Raw data -
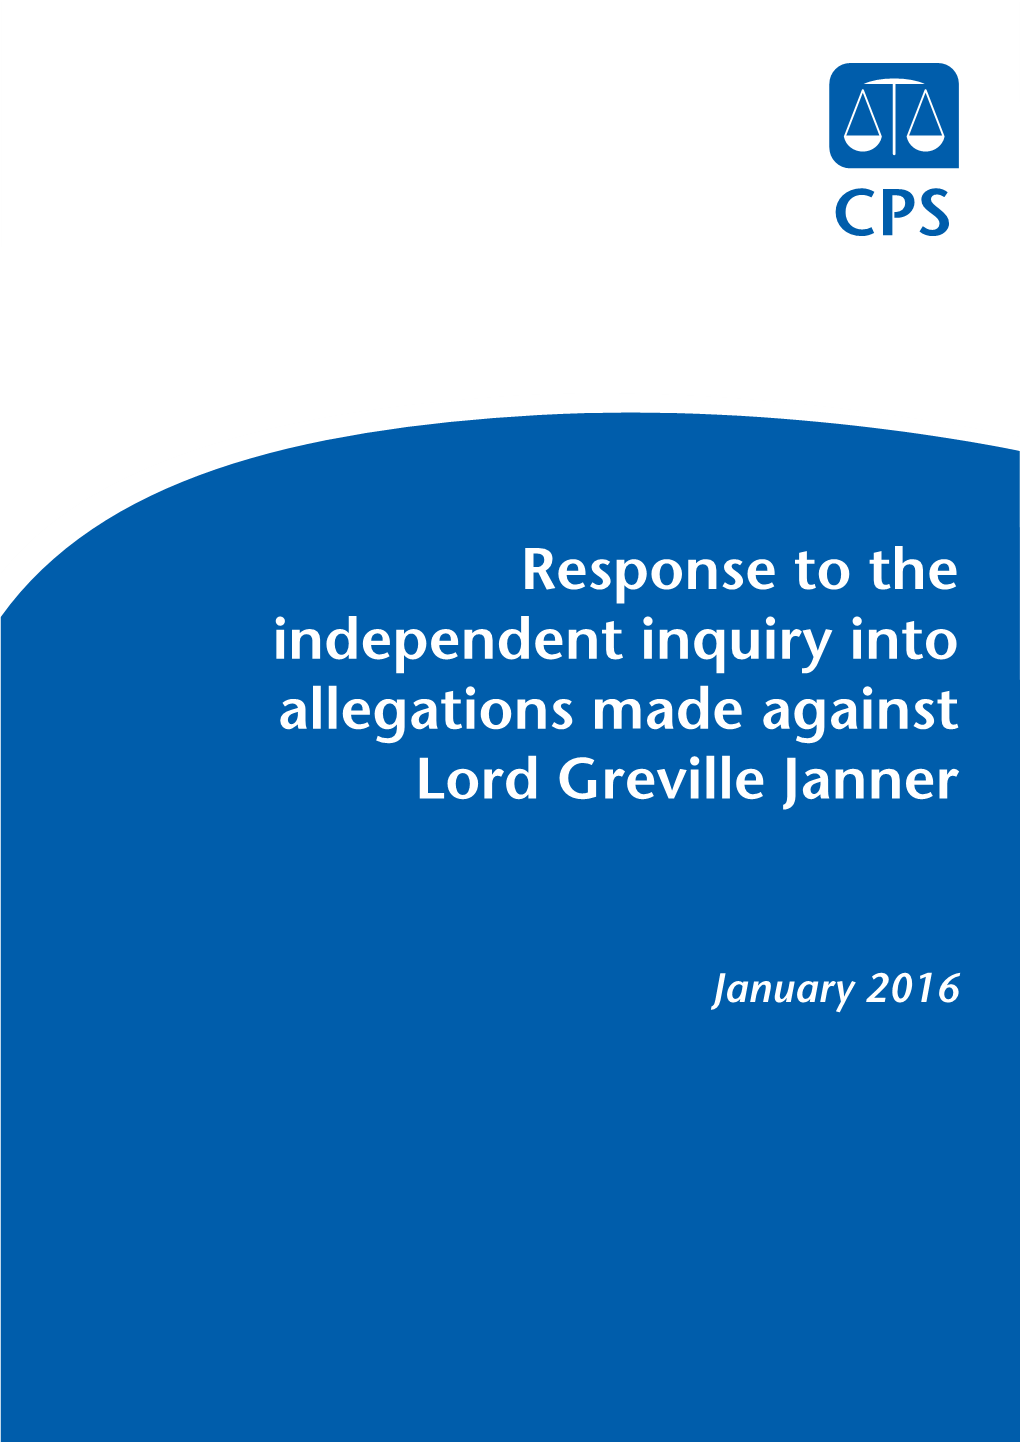 Response to the Independent Inquiry Into Allegations Made Against Lord Greville Janner
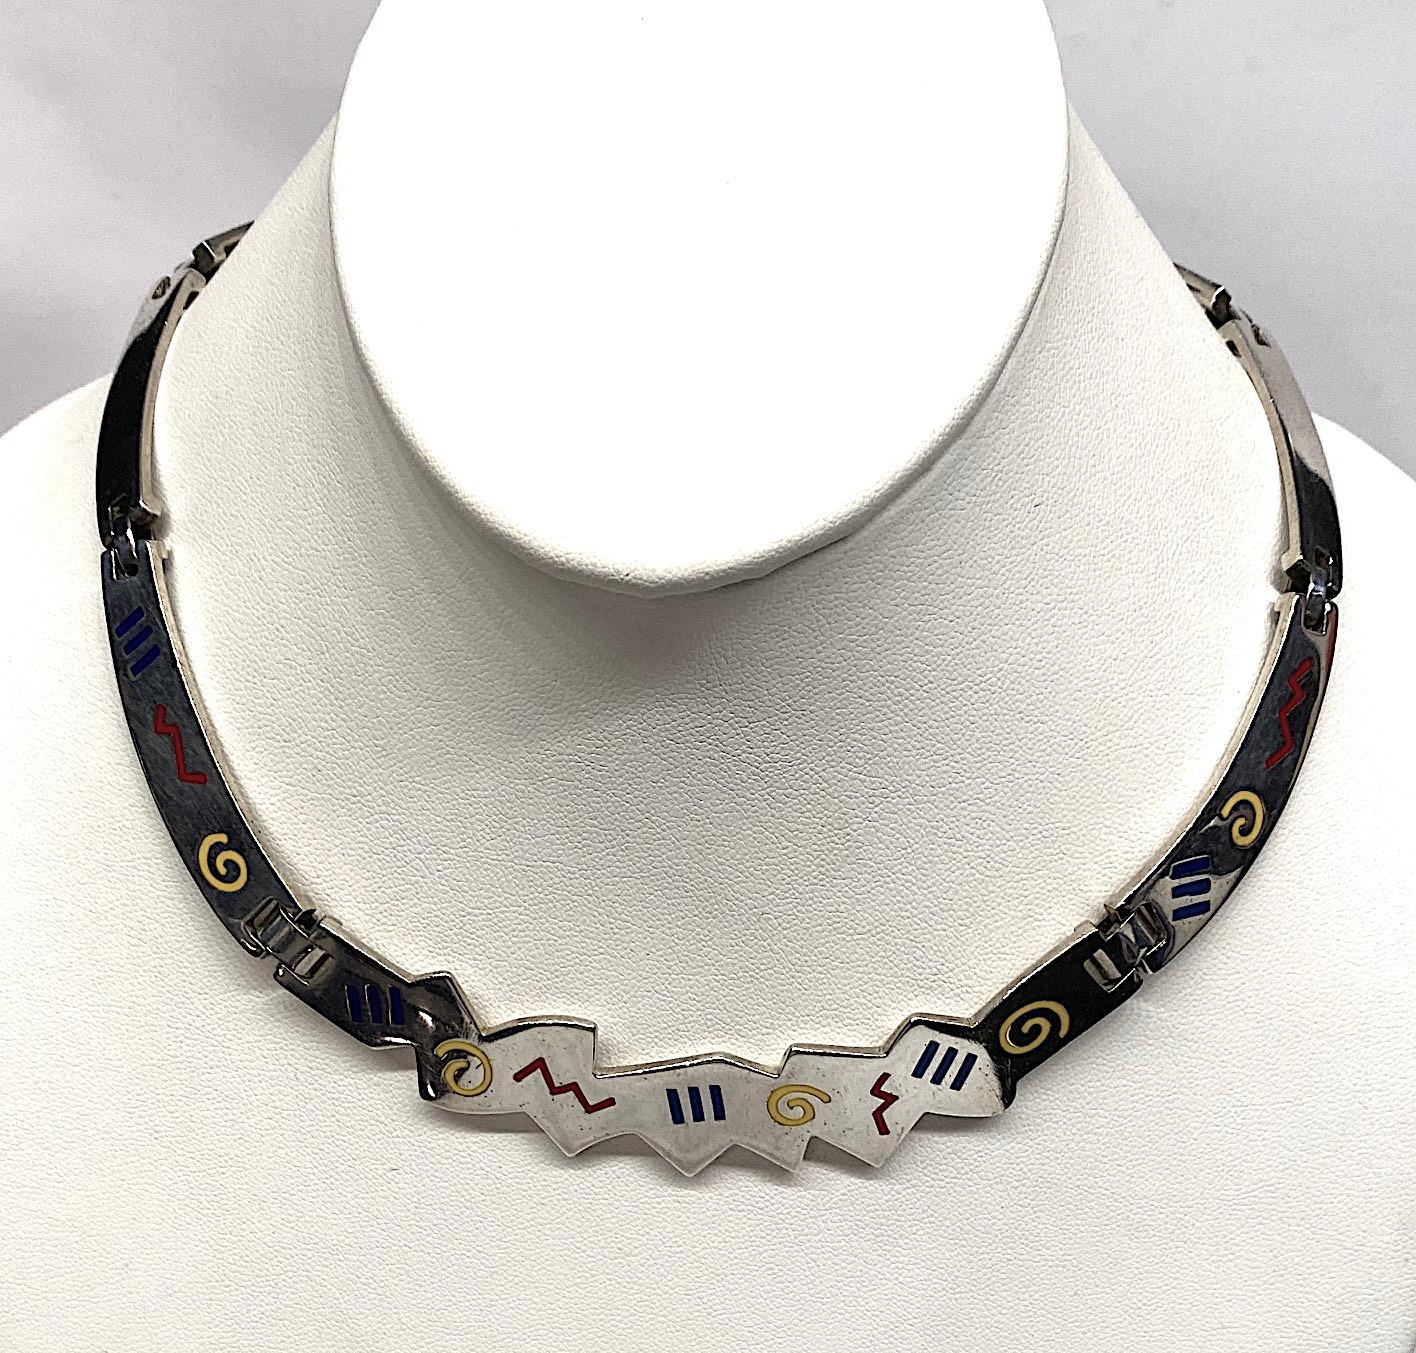 A one of a kind artist made Memphis style post modernist sterling necklace with enamel accent from the 1980s. The necklace has a nice weight  of 85 grams and is beautifully executed in 9 flat links 2mm or 1/16 of an inch thick. It is 16.5 inches in
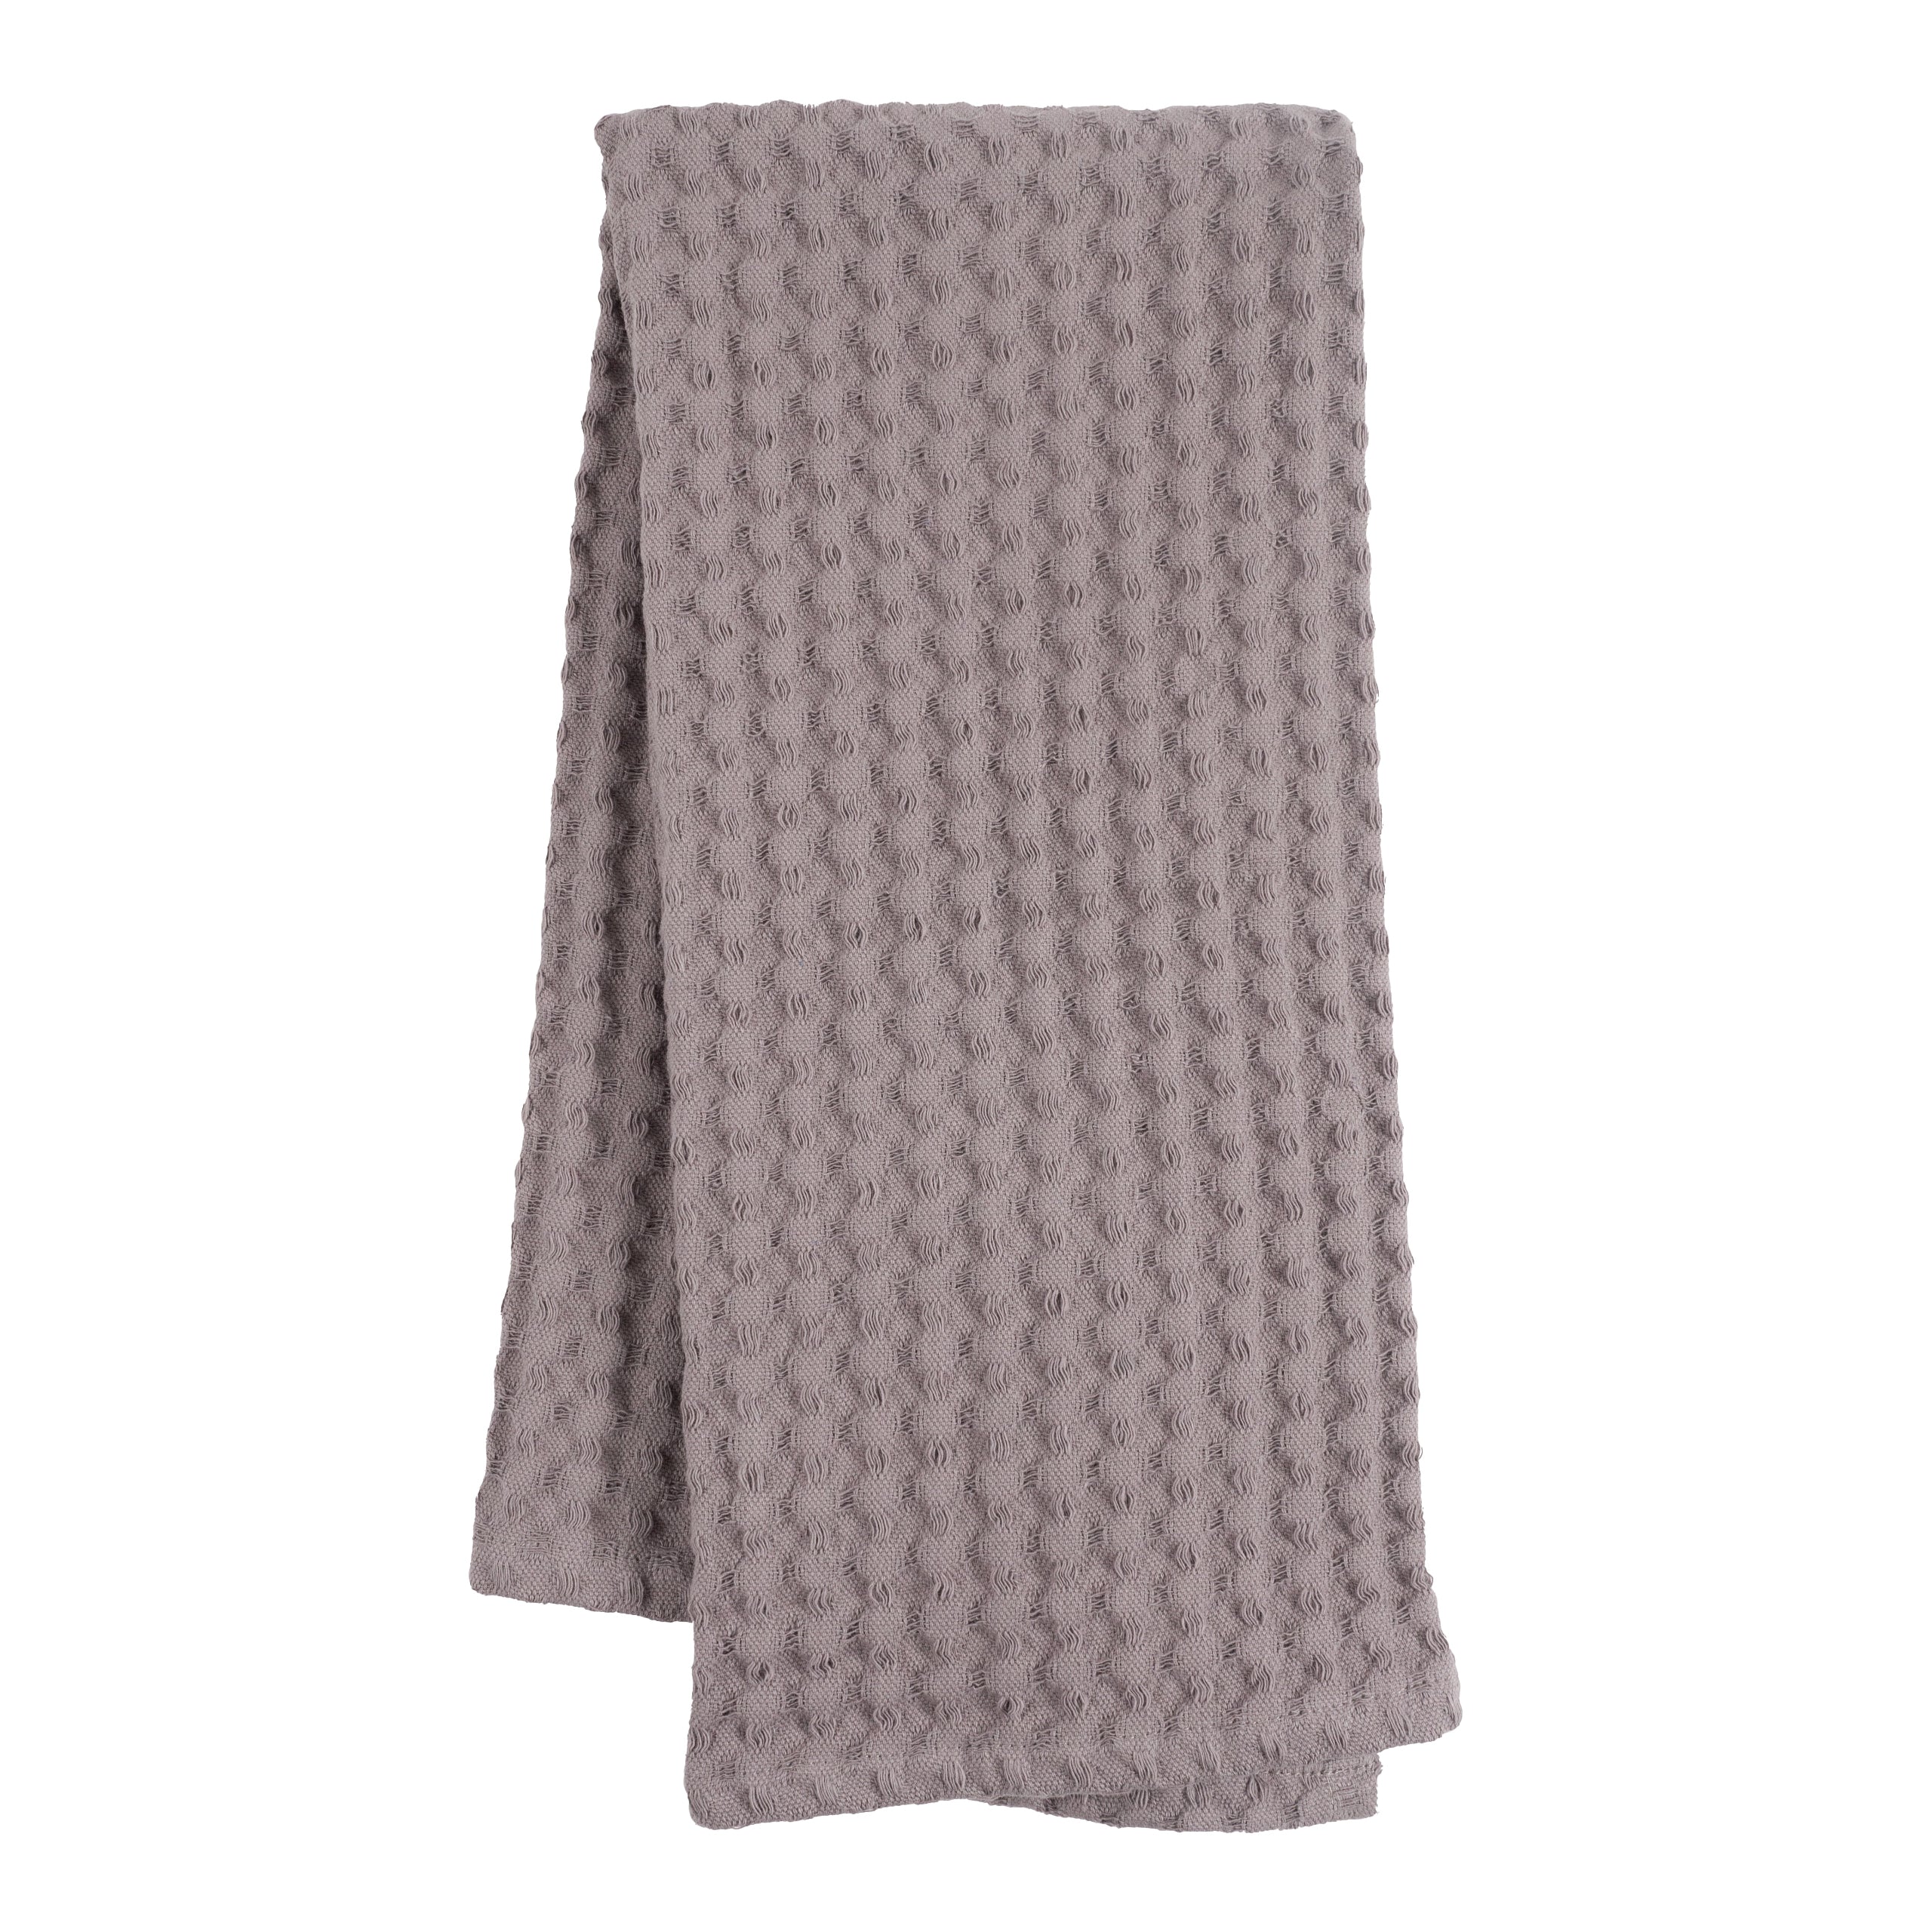 Kitchen Dish Towels Cotton Linen Organic Waffle Towel Absorbent

Description of the task - A faithful copy of the data above is wanted, with every image left out.

Response to the exercise -
 Response to the Independent Inquiry Into Allegations Made Against Lord Greville Janner
 A one of a kind artist made Memphis style post modernist sterling necklace with enamel accent from the 1980s. The necklace has a nice weight  of 85 grams and is beautifully executed in 9 flat links 2mm or 1/16 of an inch thick. It is 16.5 inches in
 Kitchen Dish Towels Cotton Linen Organic Waffle Towel Absorbent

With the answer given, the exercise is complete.